During the first decade of the 2000s, there were serious concerns the 325 metres (1,066 ft) wide asteroid 99942 Apophis posed a risk of impacting Earth in 2036. Preliminary, incomplete data by astronomers using ground-based sky surveys resulted in the calculation of a Level 4 risk on the Torino Scale impact hazard chart. In July 2005, B612 formally asked NASA to investigate the possibility that the asteroid's post-2029 orbit could be in orbital resonance with Earth, which would increase the likelihood of a future impact. The Foundation also asked NASA to investigate whether a transponder should be placed on the asteroid to enable more accurate tracking of how its orbit would be changed by the Yarkovsky effect.[48]

By 2008, B612 had provided estimates on a 30 kilometers-wide corridor, called a "path of risk", that would extend across the Earth's surface if an impact were to occur, as part of its effort to develop viable deflection strategies.[49] The calculated risk-path extended from Kazakhstan across southern Russia through Siberia, across the Pacific, then right between Nicaragua and Costa Rica, crossing northern Colombia and Venezuela, and ending in the Atlantic just before reaching Africa.[50] At that time, a computer simulation estimated Apophis's hypothetical impact in countries, such as Colombia and Venezuela, could have resulted in more than 10 million casualties.[51] Alternately, an impact in the Atlantic or Pacific oceans could produce a deadly tsunami over 240 metres (about 800 ft) in height, capable of destroying many coastal areas and cities.[23]

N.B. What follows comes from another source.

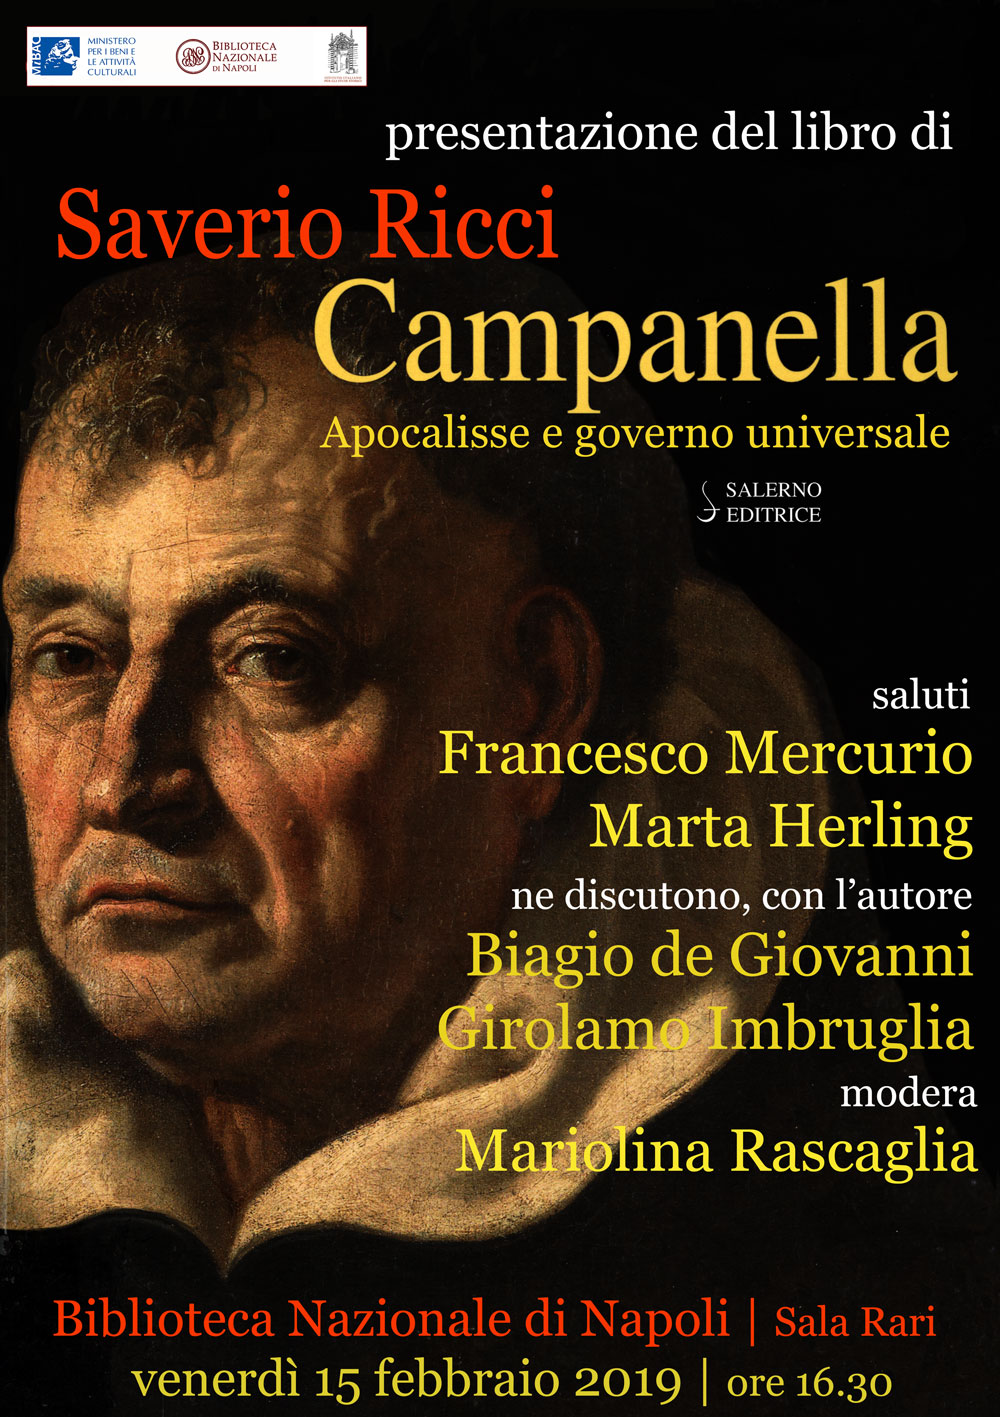 Presentazione del libro Campanella. Apocalisse e governo universale. Venerdì 15 febbraio ore 16.30 – Biblioteca Nazionale di Napoli

A series of later, more accurate observations of 99942 Apophis, combined with the recovery of previously unseen data, revised the odds of a collision in 2036 as being virtually nil, and effectively ruled it out.[52]

International involvement

B612 Foundation members assisted the Association of Space Explorers (ASE) in helping obtain United Nations (UN) oversight of NEO tracking and deflection missions through the UN's Committee On the Peaceful Uses of Outer Space (UN COPUOS) along with COPUOS's Action Team 14 (AT-14) expert group. Several members of B612, also members of the ASE, worked with COPUOS since 2001 to establish international involvement for both impact disaster responses, and on deflection missions to prevent impact events.[53] According to Foundation Chair Emeritus Rusty Schweickart in 2013, "No government in the world today has explicitly assigned the responsibility for planetary protection to any of its agencies".[29]

In October 2013, COPUOS's Scientific and Technical Subcommittee approved several measures,[28][54] later approved by the UN General Assembly in December,[55] to deal with terrestrial asteroid impacts, including the creation of an International Asteroid Warning Network (IAWN) plus two advisory groups: the Space Missions Planning Advisory Group (SMPAG), and the Impact Disaster Planning Advisory Group (IDPAG).[56][57] The IAWN warning network will act as a clearing house for shared information on dangerous asteroids and for any future terrestrial impact events that are identified. The Space Missions Planning Advisory Group will coordinate joint studies of the technologies for deflection missions,[58] and as well provide oversight of actual missions. This is due to deflection missions typically involving a progressive movement of an asteroid's predicted impact point across the surface of the Earth (and also across the territories of uninvolved countries) until the NEO is deflected either ahead of, or behind the planet at the point their orbits intersect.[28][59] An initial framework of international cooperation at the UN is needed, said Schweickart, to guide the policy makers of its member nations on several important NEO-related aspects. However, as asserted by the Foundation, the new UN measures only constitute a starting point. To be effective they will need to be enhanced by further policies and resources implemented at both the national and supernational levels.[10][60]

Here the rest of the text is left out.